Men of more fortunate days will be astonished when they survey the agricultural methods of even the least stupid peasants. Everything is according to traditions—"so it was with our fathers." In the abbey library there are some Latin books about agriculture. They deal with conditions in ancient Italy, however, not feudal France. The most benevolent monk hardly dreamed of examining his Cato or Columella to learn how to better the lot of the peasantry, though in fairness it should be said that the abbey farms enjoy on the whole a much superior cultivation. Not all peasants can own plows; they borrow or hire from their neighbors, or break the ground with the clumsy mattocks. What plows exist have only wooden plowshares. The wheat in St. Aliquis is beaten out by flails, although a little farther south it is trodden out by cattle. The soil is often impoverished, and it is usual to leave one-third fallow all the time to recuperate. Such a thing as "rotation of crops" is still a matter of vague talk save on some of the monastery lands.

Under these circumstances, even in the best of years, there is not much surplus of food. A short crop means misery. Men pessimistically expect a famine on the average of one in every four years. If there has not been one of late in St. Aliquis, it is because the saints are rich in mercy. "In 1197 a countless throng died of hunger," significantly wrote a chronicler in Rheims. Naturally, the villeins seldom get enough ahead to be able to learn the practices of thrift. If the year has been good, with an extra supply of corn in the barns, and plenty of pigs and chickens fattening, the winter will be spent in gorging and idleness. By spring the old crop is exhausted almost to the seed corn; then perhaps the new crop will be a failure. The next winter these same peasants may be glad to make a pottage of dead leaves.

Lame Georges, who had his oxen sequestered, is, despite his misfortunes, one of the most prosperous peasants in the village. He limps because in his youth a retainer of Baron Garnier's twisted one of his feet while trying to extort money. Georges is really only forty-five years old, but to see his gray head, gnarled face, and bent back you would think him sixty. His wife Jeanne is four years younger than he, but looks as aged as her husband. "Old Jeanne," the children call her. The pair have been blessed with at least fifteen children, but four of these died in childbirth, and five more before they could grow up. The other six are, all but the youngest, married already and Jeanne has been a grandmother for several years.

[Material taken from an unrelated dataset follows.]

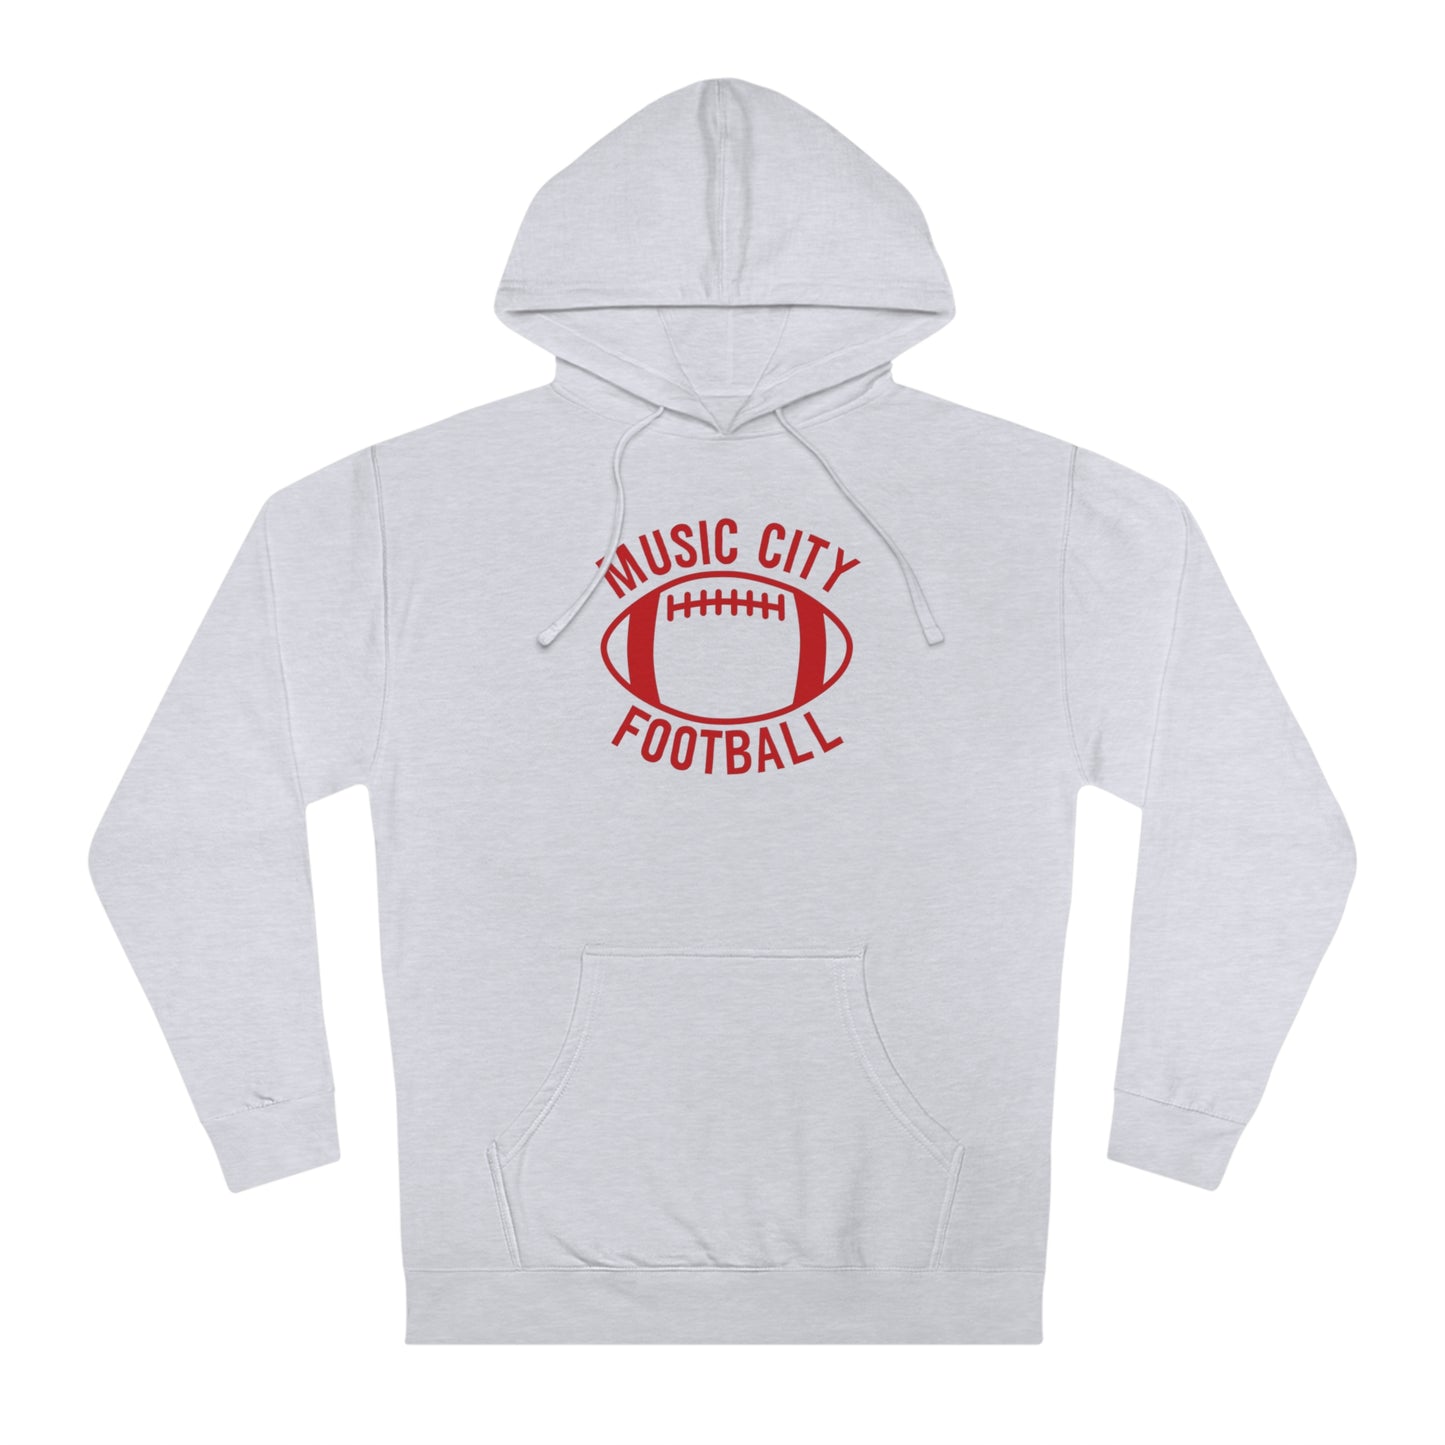 Music City Football Unisex Hooded Sweatshirt

Georges' house stands near the center of the village. To reach it you pick your way down a lane usually deep in mud. In front of each fenced-in cottage there is an enormous dungheap, beloved by the hens and pigs, which roam about freely. Georges' one-story dwelling is an irregularly built, rambling structure of wood, wattles, and thatch, all of dirty brown. This "manse" stretches away in four parts. The rearmost contains the corn cribs, the next mows for hay and straw, then the cattle sheds; and nearest, and smallest, the house for the family.

A Peasant's House

Pushing back the heavy door, after lifting the wooden latch, one enters a single large room; the timbers and walls thereof are completely blackened by soot. There is really only one apartment. Here everything in the household life seems to go on. The floor is of earth pounded hard. Upon it are playing several very dirty, half-naked children, come over to visit "grandmother," and just now they are chasing two squealing little pigs under the great oak table near the center. One makes no account of a duck leading her goslings in at the door in hopes of scraps from the dinner. A hen is setting on eggs in a box near the great fireplace.

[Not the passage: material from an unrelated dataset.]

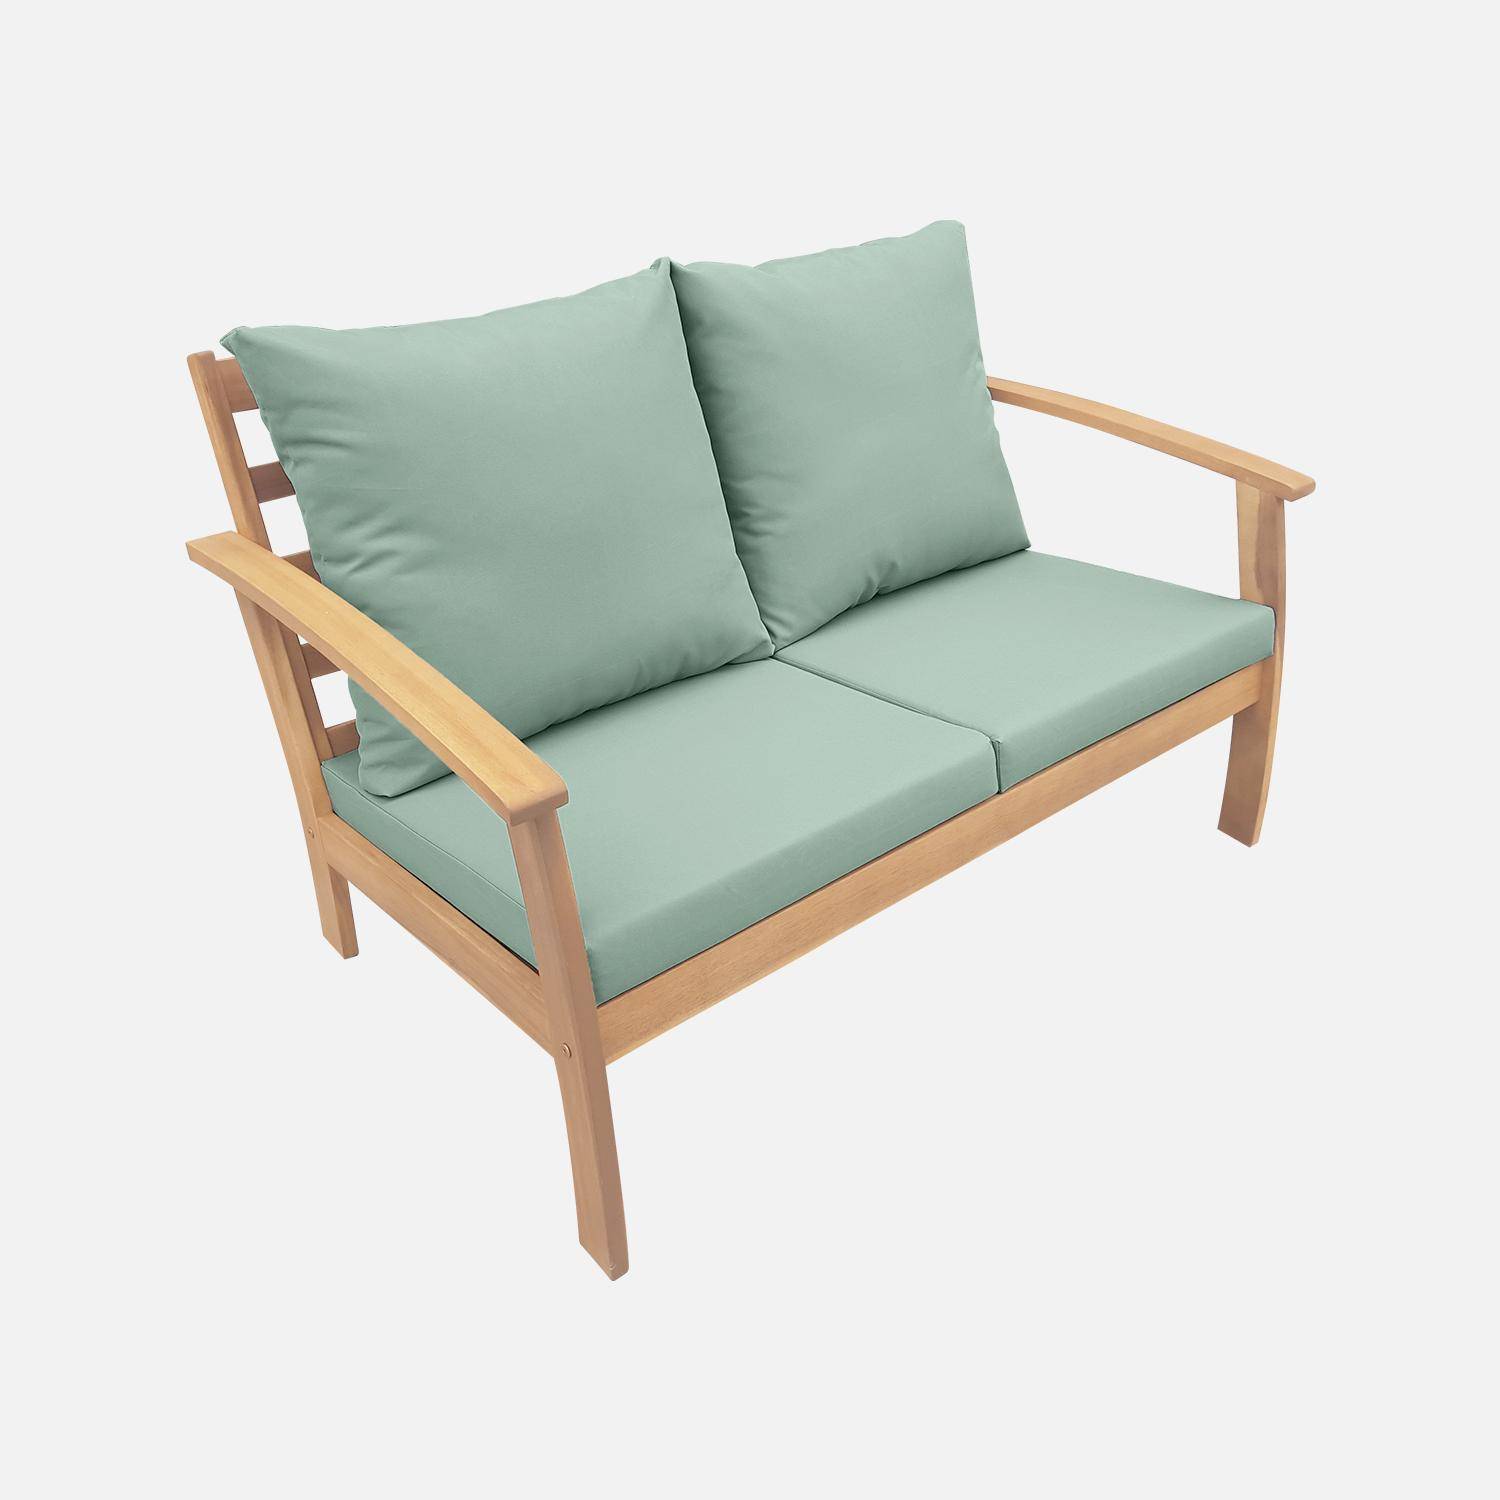 4-seater wooden garden sofa - Acacia wood sofa, armchairs and coffee table, designer piece  - Ushuaia - Sage green,sweeek,Photo3

Jeanne has just kindled a lively fire of vine branches and dry billets. She is proud that her house contains many convenient articles not found with all the neighbors. By the fireplace is an iron pot hanger, a shovel, large fire tongs, a copper kettle, and a meat hook. Next to the fireplace is an oven, in case she does not wish to use that at the castle and yet will pay the baron's fee. On the other side of the fireplace is an enormous bed, piled with a real mountain of feather mattresses—we do not discuss their immunity from vermin. In this one bed a goodly fraction of Georges' entire family, male and female, old and young, have been able to sleep; of course, with their heads usually pointing in opposite directions. If a stranger chances to spend the night, it will be hospitable to ask him to make "one more" in that selfsame bed!

If the goodman takes us about his establishment we shall find that, in addition to various stools and benches, he owns a ladder, a mortar and pestle for braying corn, a mallet, some crudely shaped nails, a gimlet, a very imperfect saw, fishing lines, hooks, and a basket. He is fortunate enough also to own a plow, and, in addition, a scythe, an iron spade, a mattock, a pair of large shears, a handy knife, and a sharpening stone. He has replaced the stolen oxen with another pair and owns a two-wheeled wagon with a harness of thongs and ropes. Besides the oxen, there are three milch cows in his barn, and he has a hennery and pigpen. The place seems also to abound with long, lean cats, very wild, who gain a living by hunting the numerous rats and mice which lurk in the dense thatch of the roofs.